TASK GOAL:
Write every line of the material again exactly, with no pictures in the copy.

COLLECTED MATERIAL:
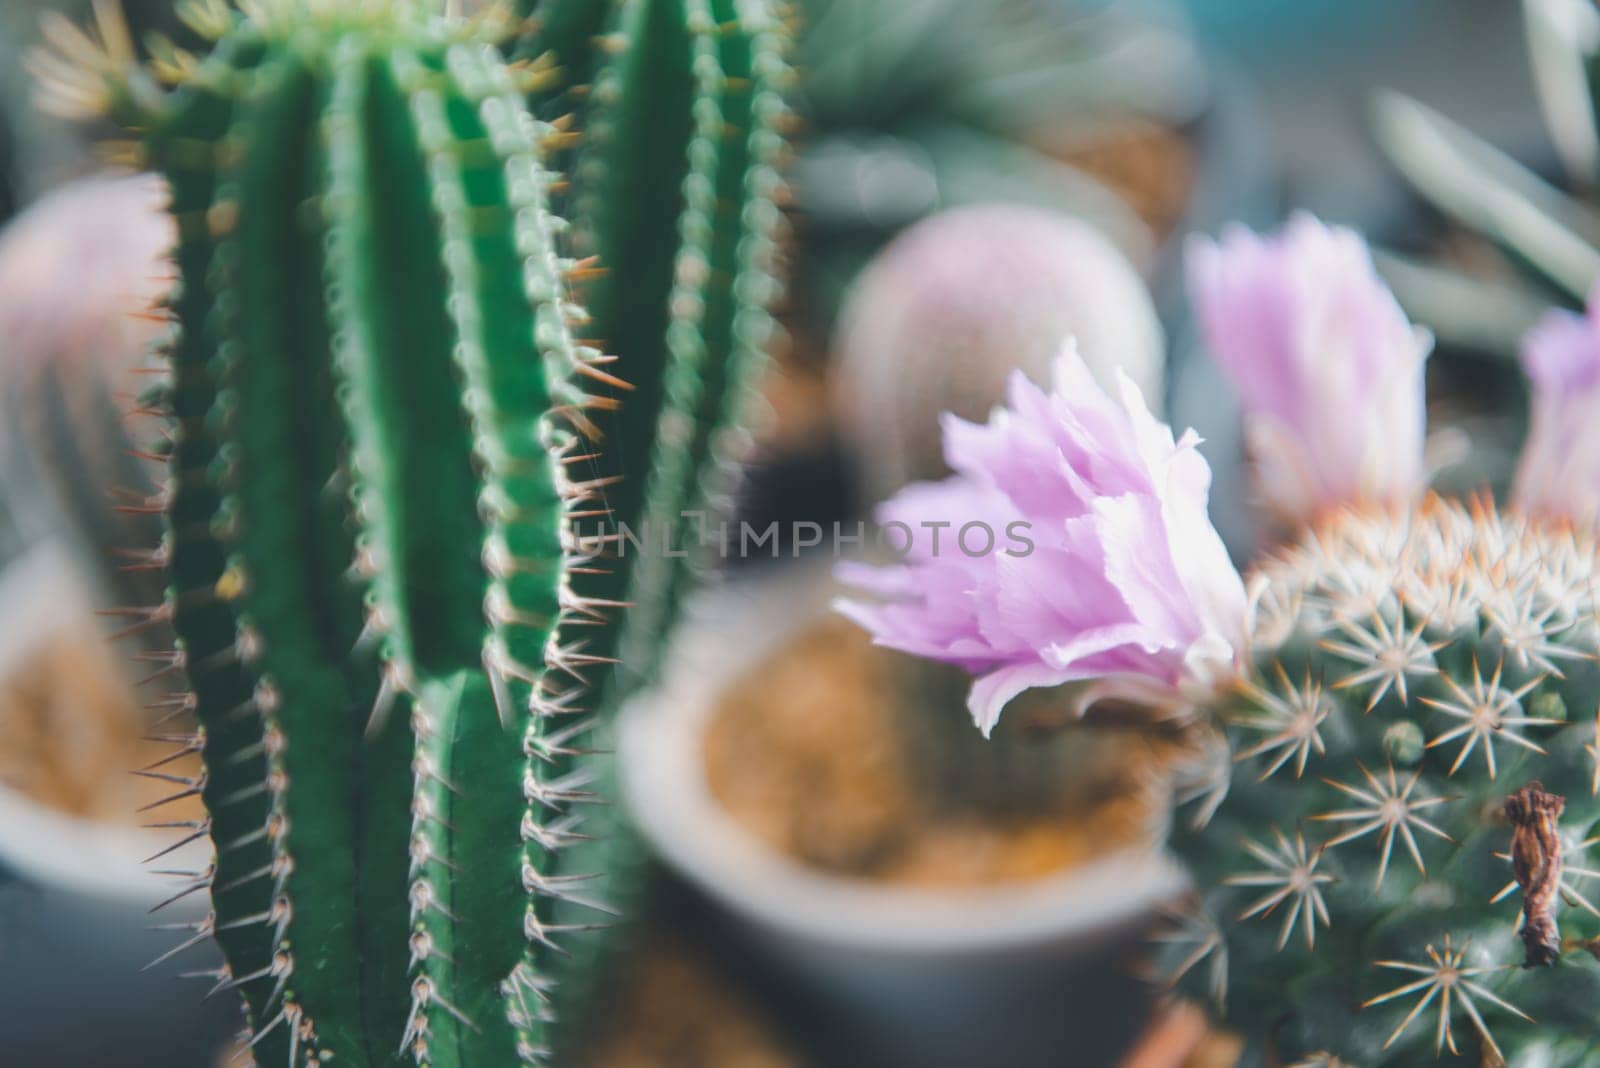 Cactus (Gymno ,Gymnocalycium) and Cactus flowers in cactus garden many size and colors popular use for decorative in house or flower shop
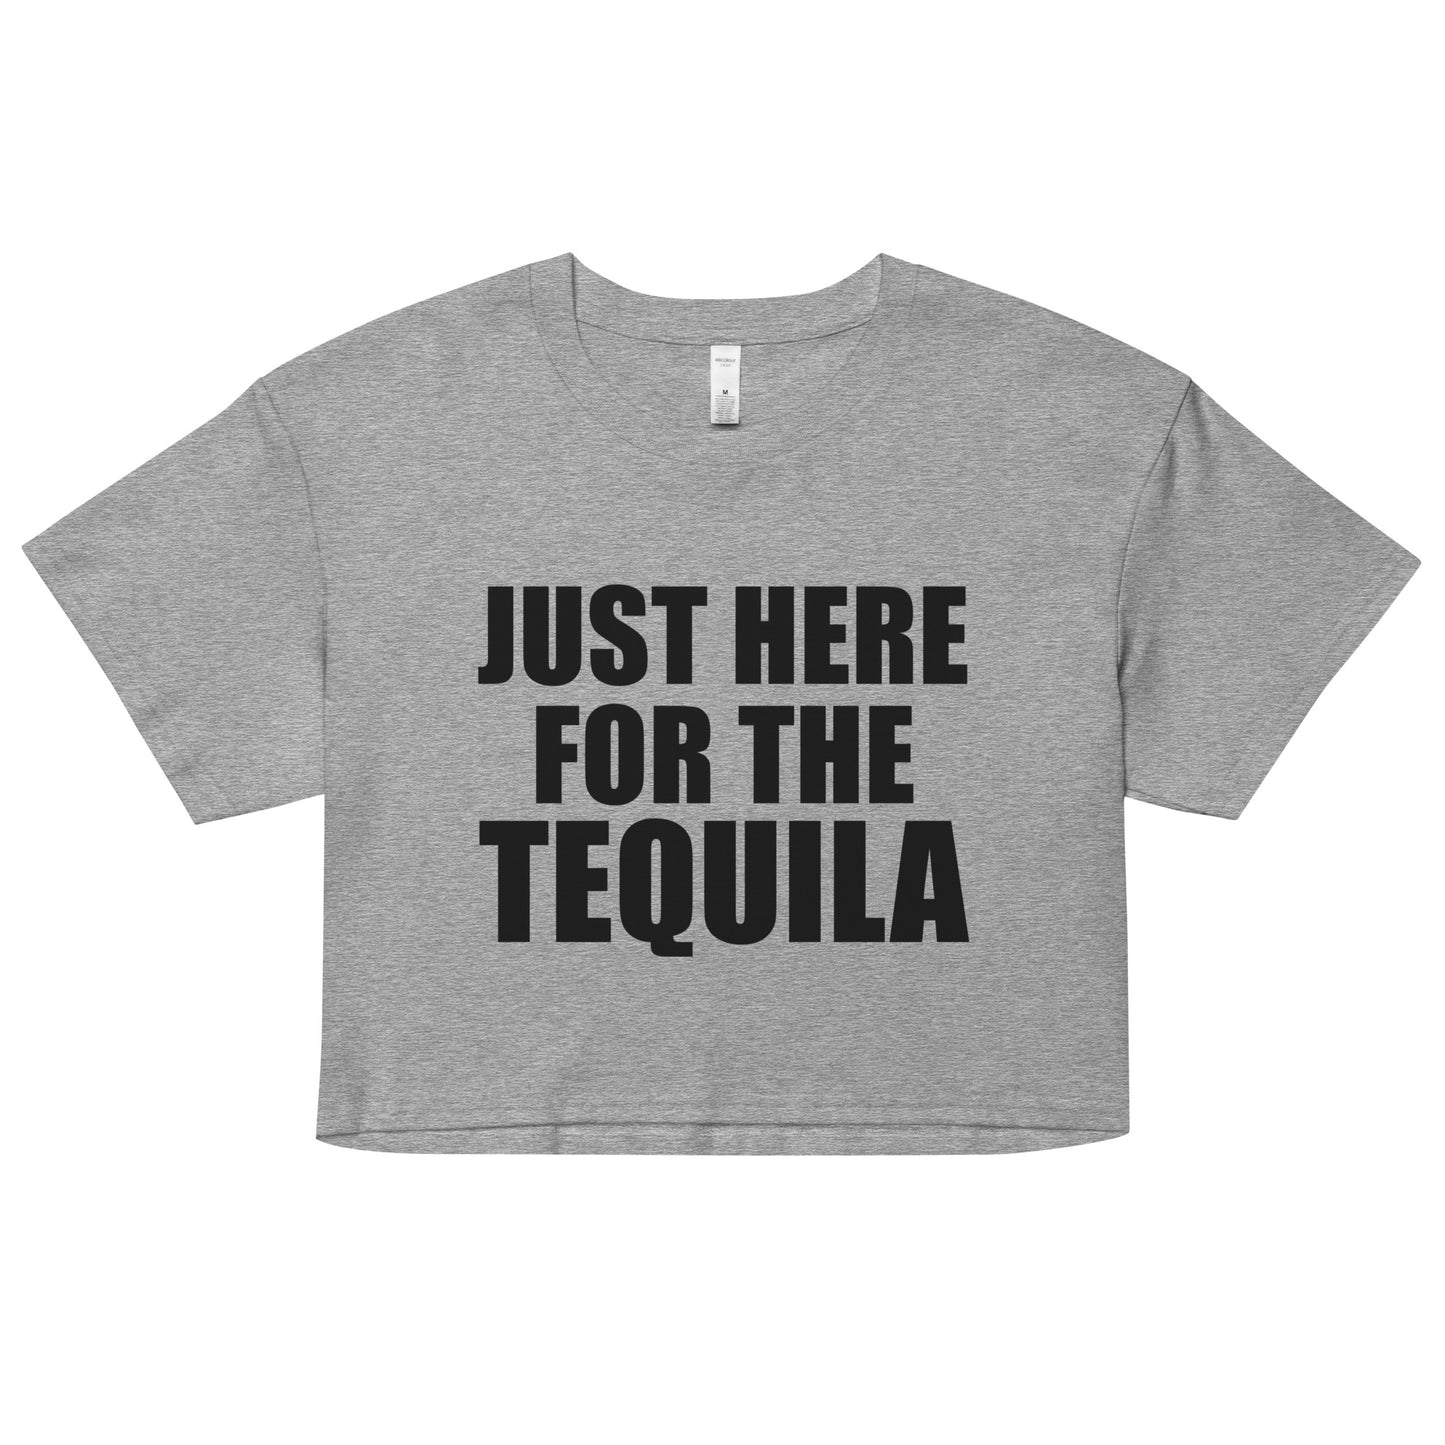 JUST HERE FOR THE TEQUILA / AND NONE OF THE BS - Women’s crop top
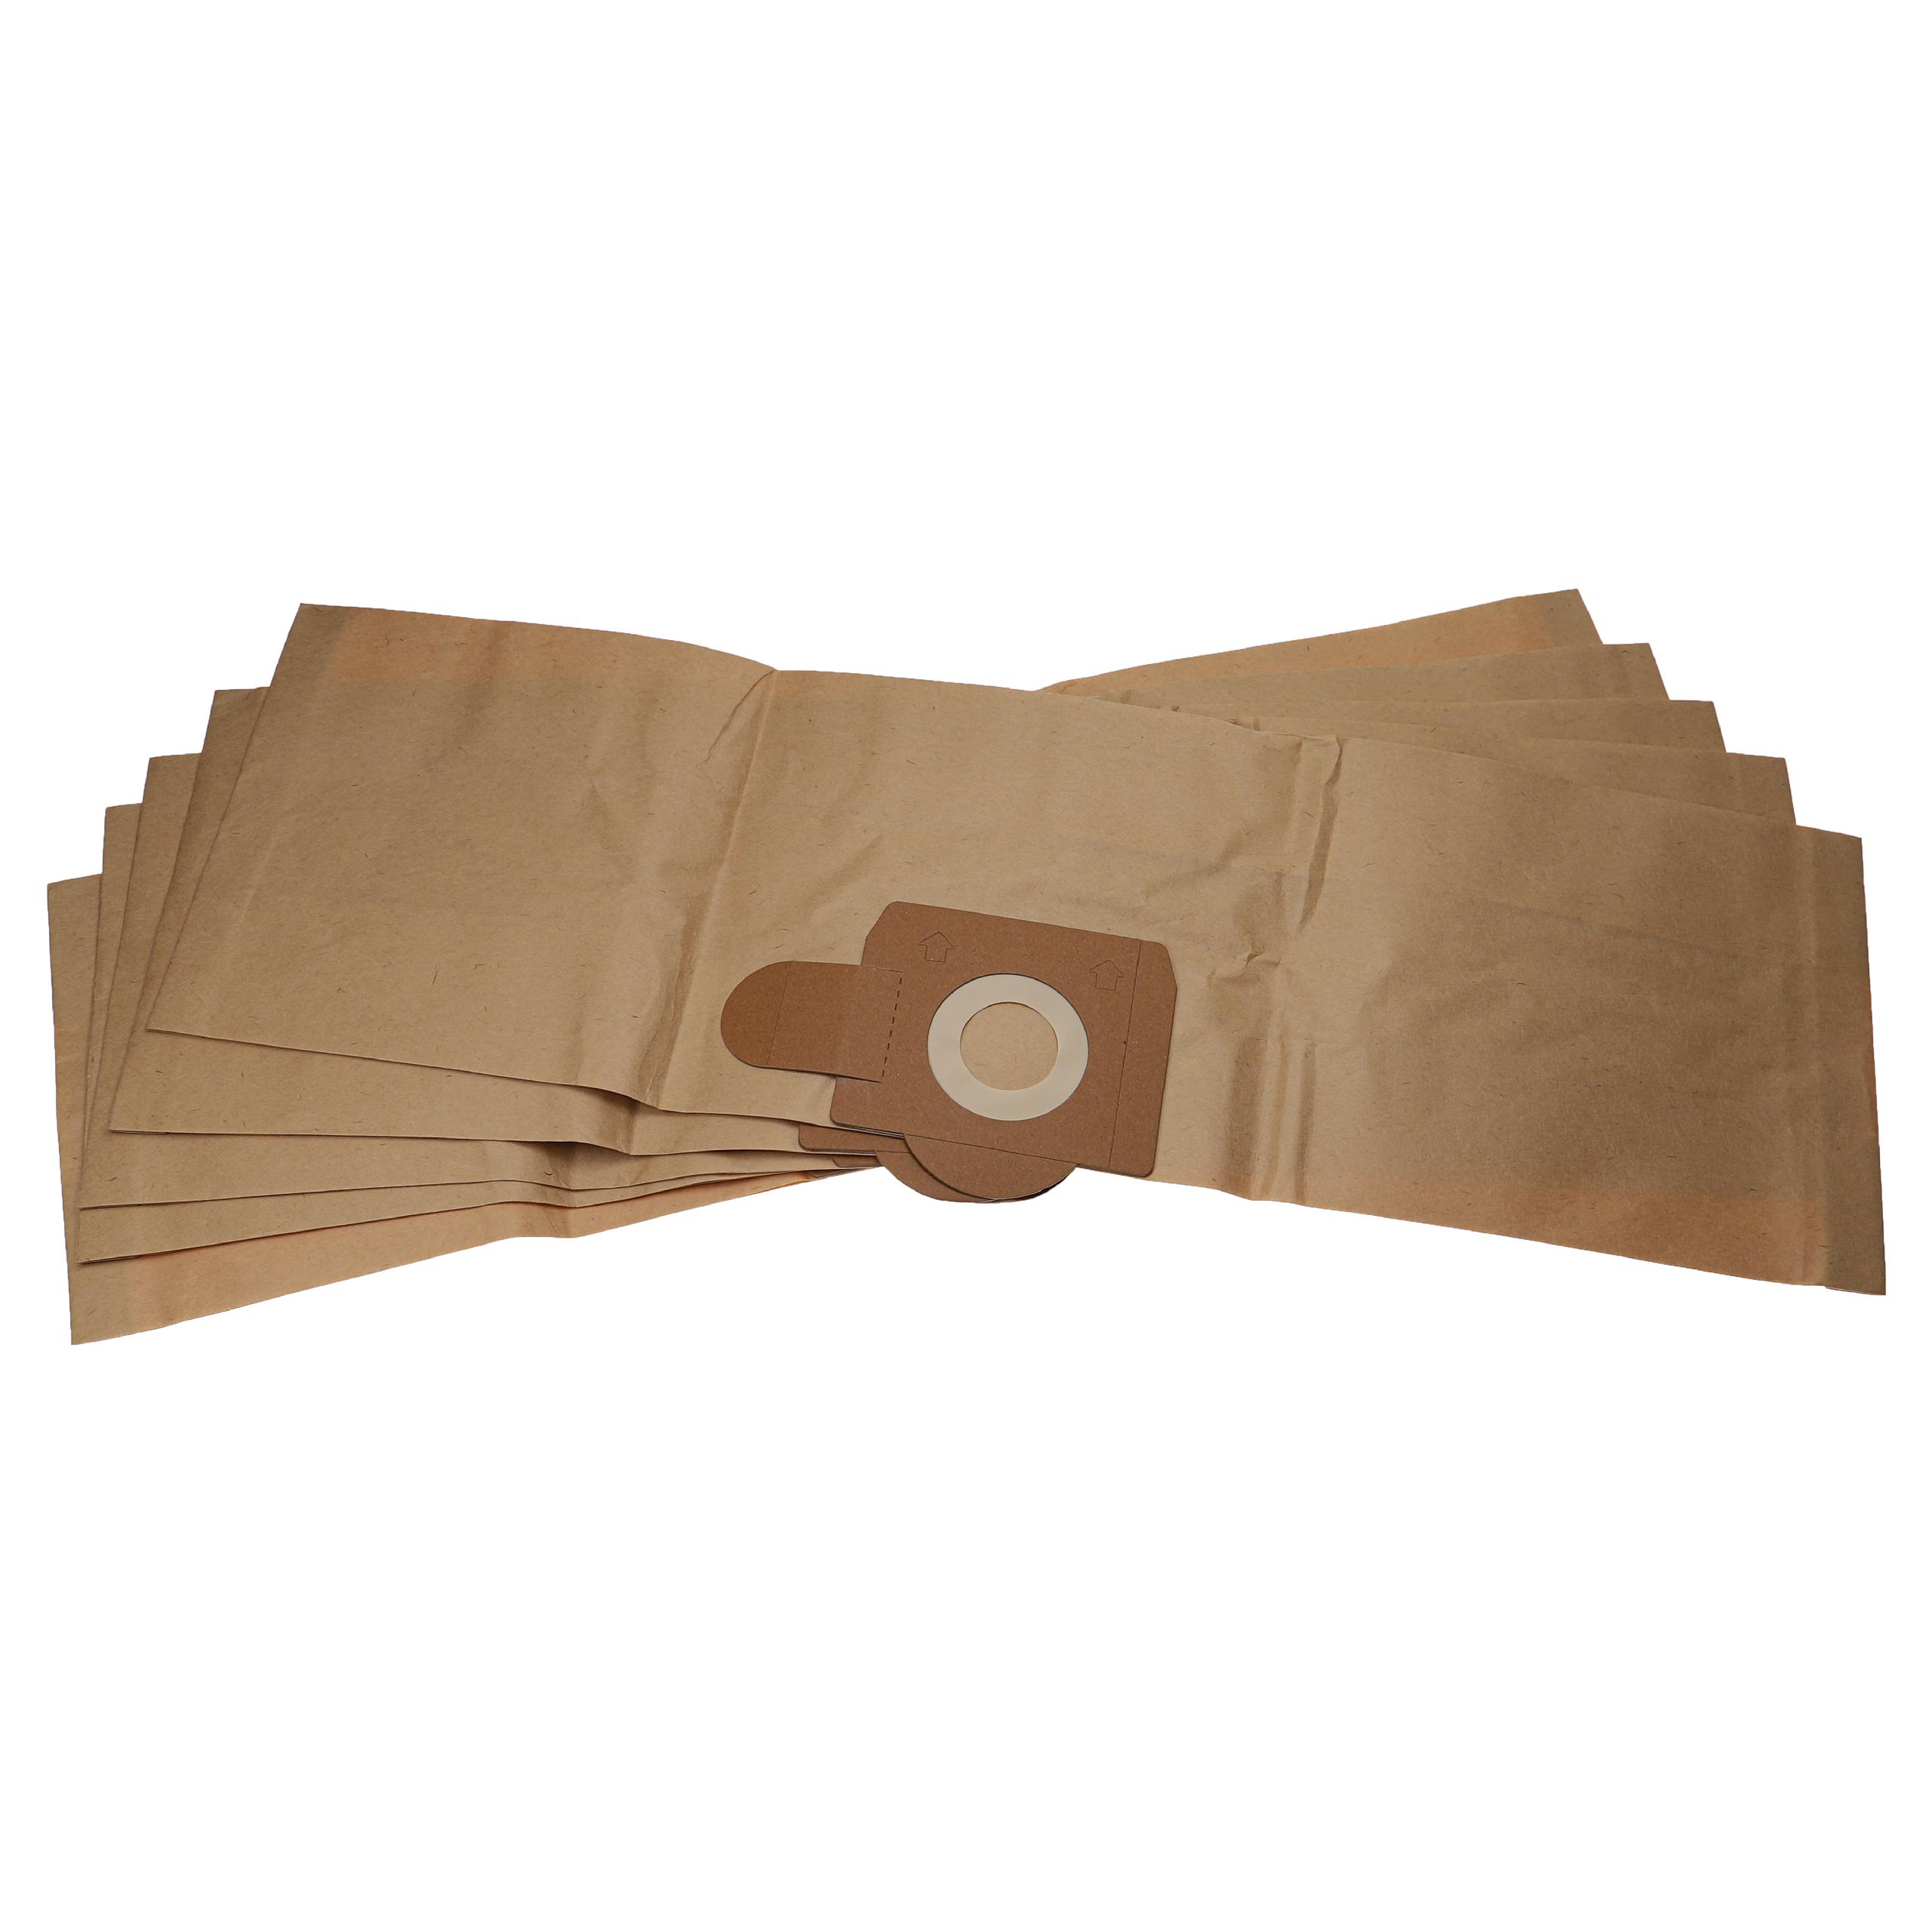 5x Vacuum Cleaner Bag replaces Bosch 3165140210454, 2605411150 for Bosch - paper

REPLY:
 Cactus (Gymno ,Gymnocalycium) and Cactus flowers in cactus garden many size and colors popular use for decorative in house or flower shop
 JUST HERE FOR THE TEQUILA / AND NONE OF THE BS - Women’s crop top
 5x Vacuum Cleaner Bag replaces Bosch 3165140210454, 2605411150 for Bosch - paper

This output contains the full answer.